Introducing… Star Wars mindfulness!

Star Wars mindfulness: Master Yoda lays it downLike any other pre-90’s kid with a beating heart, I love the classic Star Wars mythology. Now, with the obvious out of the way, you’re probably wondering what Star Wars mindfulness is all about. In fact, how are the two things related at all?

If nothing else, you’ve at least heard of Star Wars, because you have an internet connection, and a fairly normal human perception. Mindfulness, on the other hand, although a greatly expanding phenomenon, still seems to be somewhat less pervasive in the public domain.

This is also part of the reason it seems near-impossible for anyone practicing mindfulness to talk about it in a manner that doesn’t seem like they want you to join some neo-religious cult of sorts.

But if you haven’t heard of mindfulness before, it is, among other things, a way of practicing meditation. This description from Psychology Today is quite apt:

“Mindfulness is a state of active, open attention on the present. When you’re mindful, you carefully observe your thoughts and feelings without judging them good or bad. Instead of letting your life pass you by, mindfulness means living in the moment and awakening to your current experience, rather than dwelling on the past or anticipating the future.“

I shouldn’t have to elaborate as to the benefits of meditation if you’re often struggling with low confidence and self-esteem. In fact, practicing meditation could reduce quite a few of the problems of non-fident people.*

Anyway, as it turns out, Star Wars mindfulness is just totally a thing.

It first occurred to me when I was watching “The Empire Strikes Back” for the umpteenth time, having learned about mindfulness since the last time. For this purpose, I’ll be concentrating on Luke’s initial Jedi training.

When Luke first visits master Yoda, he’s restless, edgy, and impatient to get started. Yoda, being Yoda, then tells like it is:

“For 800 years have I trained Jedi. My own counsel will I keep on who is to be trained. A Jedi must have the deepest commitment; the most serious mind. This one a long time have I watched. All his life has he looked away. To the future, to the horizon. Never his mind on where he was; what he was doing.“

Non-fident people tend to dwell on the past and worry about the future. Confident people accept their past by learning from their mistakes, and they prepare for the future by making the best of the present moment.

From then on, those Star Wars mindfulness moments just keep piling up.

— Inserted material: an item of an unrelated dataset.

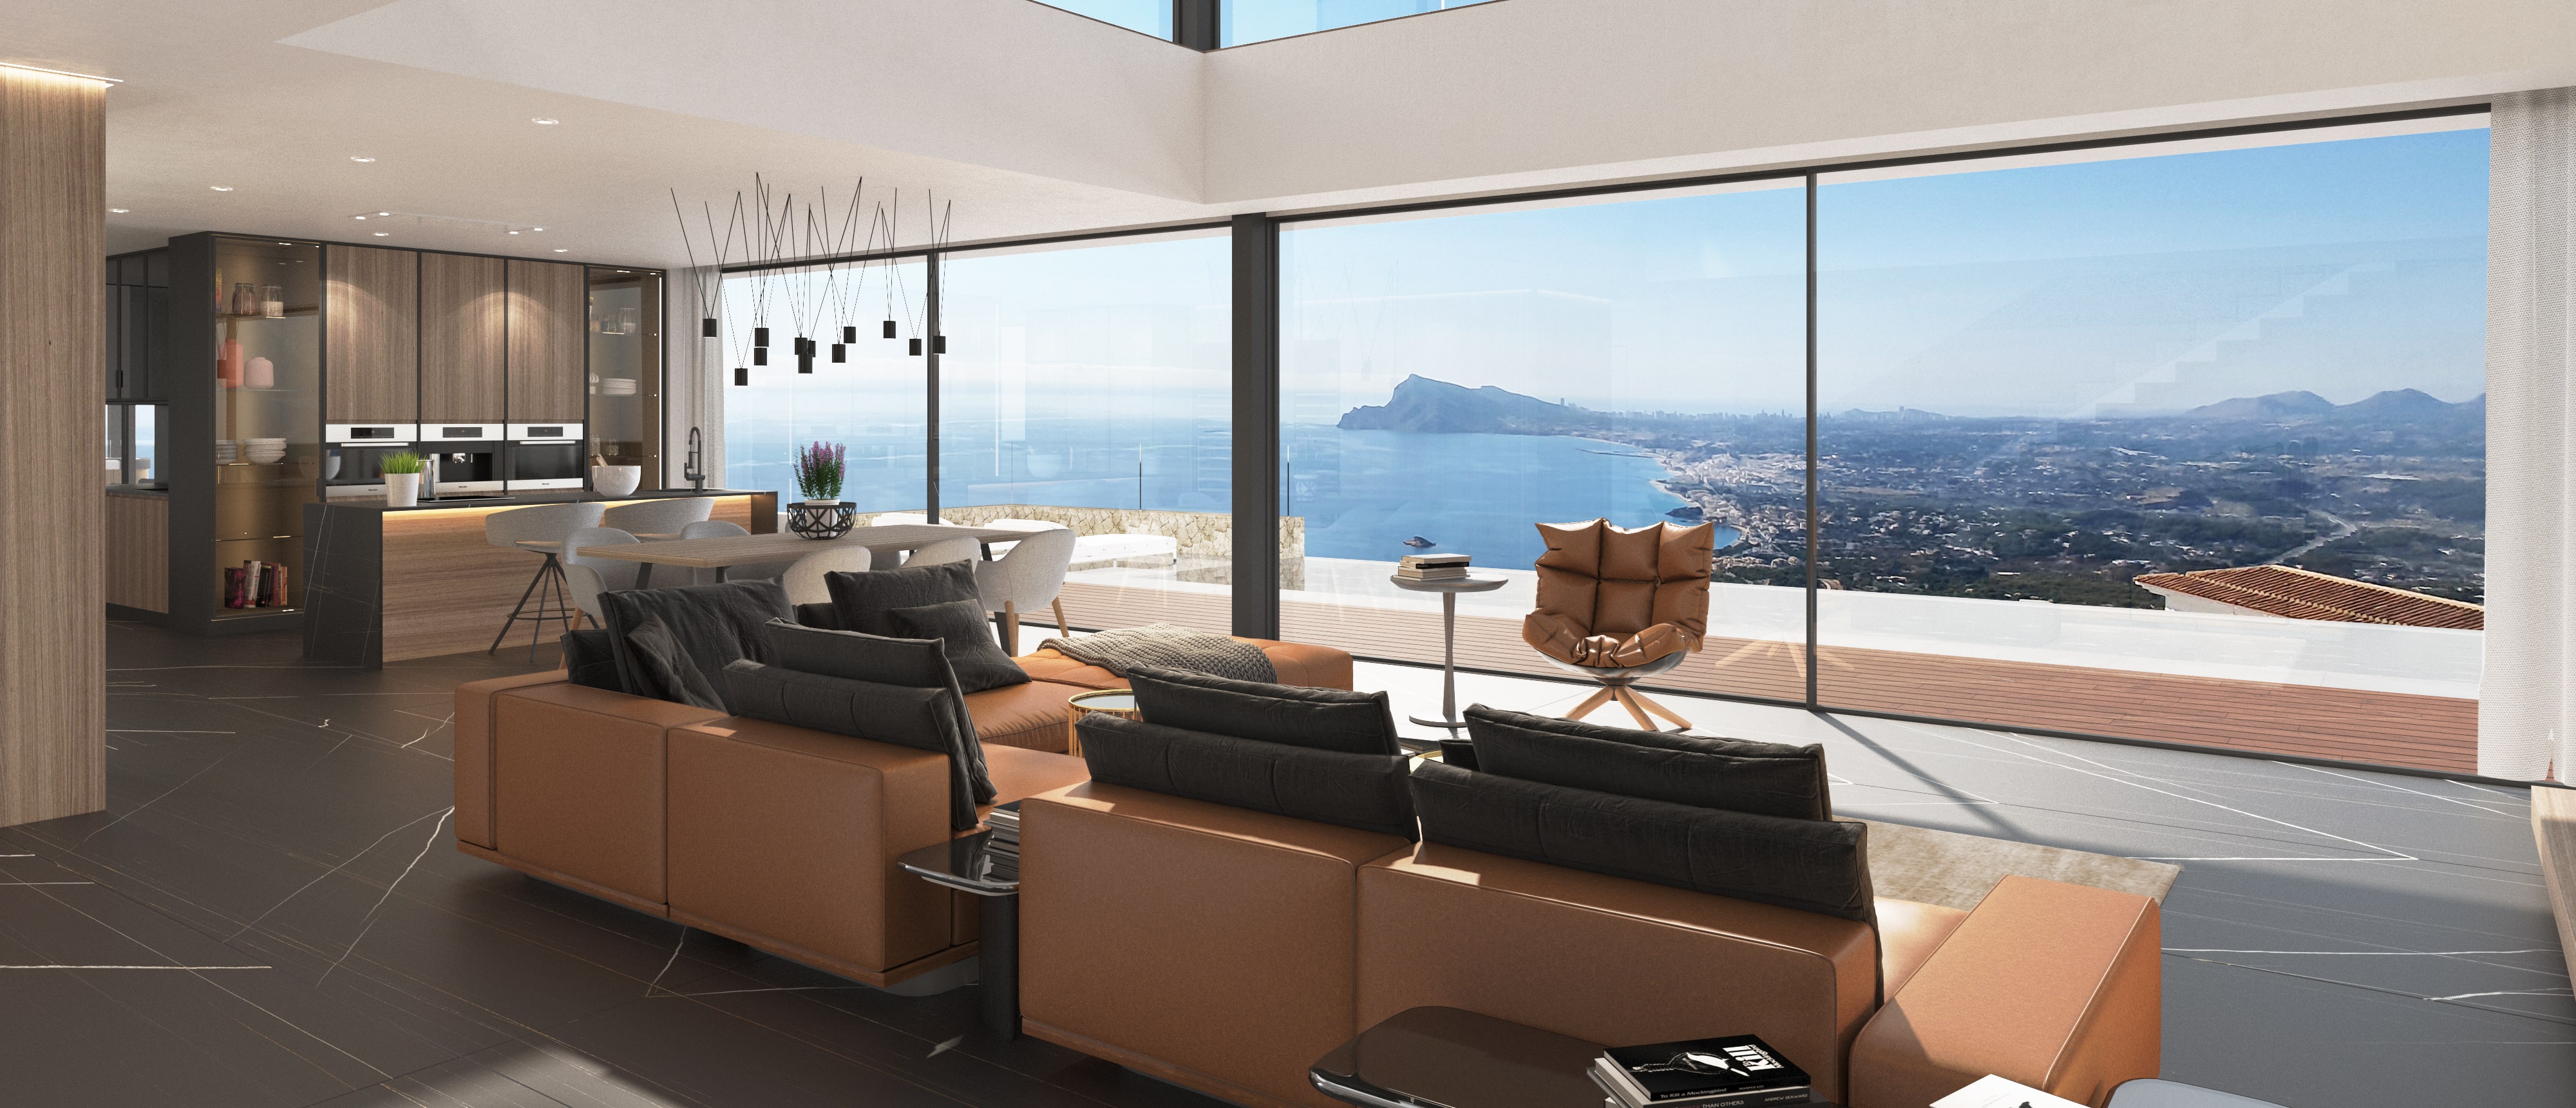 Prachtige luxe villa van design met een adembenemend uitzicht op de zee

When Yoda trains Luke in lifting rocks, he tells him to “feel” the rocks, and to concentrate. Of course, concentration per se might be a little misleading, since mindfulness isn’t about deliberately straining our minds.

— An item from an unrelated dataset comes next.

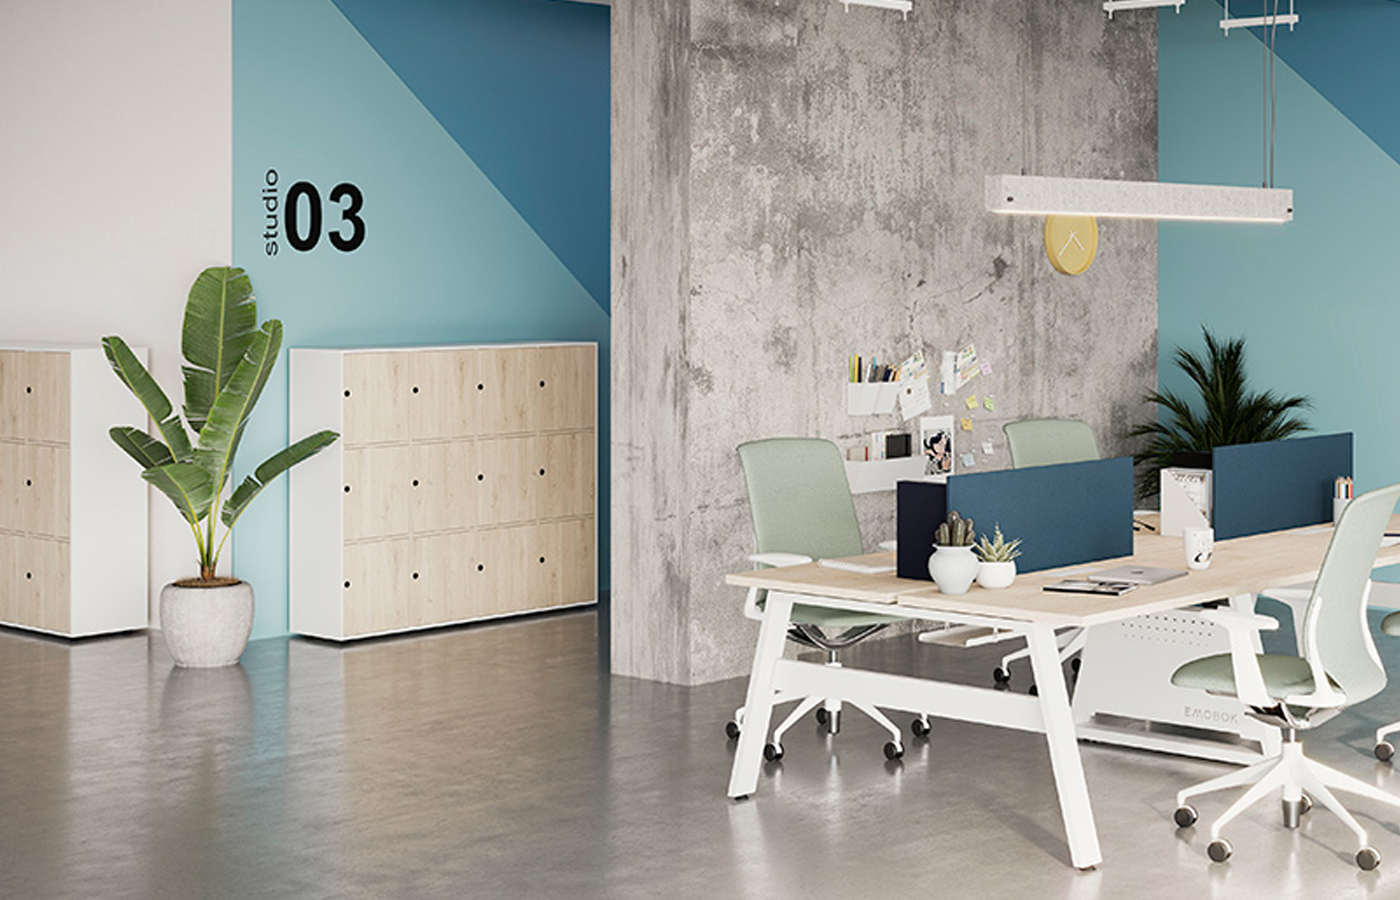 Muebles indispensables en una oficina moderna y funcional

But mindfulness IS about undivided focus. And to lift the rocks, Luke must give them this focus by “feeling” them, by concentrating on them, one at a time.

It becomes even clearer when Yoda tells Luke about the Force before he is to enter the Cave of Evil: “Anger, fear, aggression; the dark side of the Force are they. Easily they flow, quick to join you in a fight.“ About how the dark side is “quicker, easier, more seductive”. And about how one will know the difference between the two sides when one is “calm, at peace, passive“.

This is, essentially, all another good reason to practice mindfulness. We so often give in to the basic human condition of fear that we often get carried away by it, only to find ourselves struggling negative emotions galore.

But when we’re calm, passive, and at peace, it’s much easier for us to distance ourselves from those emotions.

When Luke starts asking questions, Yoda quickly cuts him off: “No. There is no “why”. Nothing more will I teach you today. Clear your mind of questions”.

This, like mindfulness, is about acceptance. When we’re mindful, we accept things for what they are. We neither actively reject or pursue any information or idea. We simply let them pass through us without judgment.

Finally, before Luke enters the Cave of Evil, Yoda tells him that it contains “only what you take with you”. This applies to how we perceive and judge things. When we’re mindful, we observe things without labelling or judging them. But when we label or judge something, we ascribe it certain traits — positive or negative — that we bring along.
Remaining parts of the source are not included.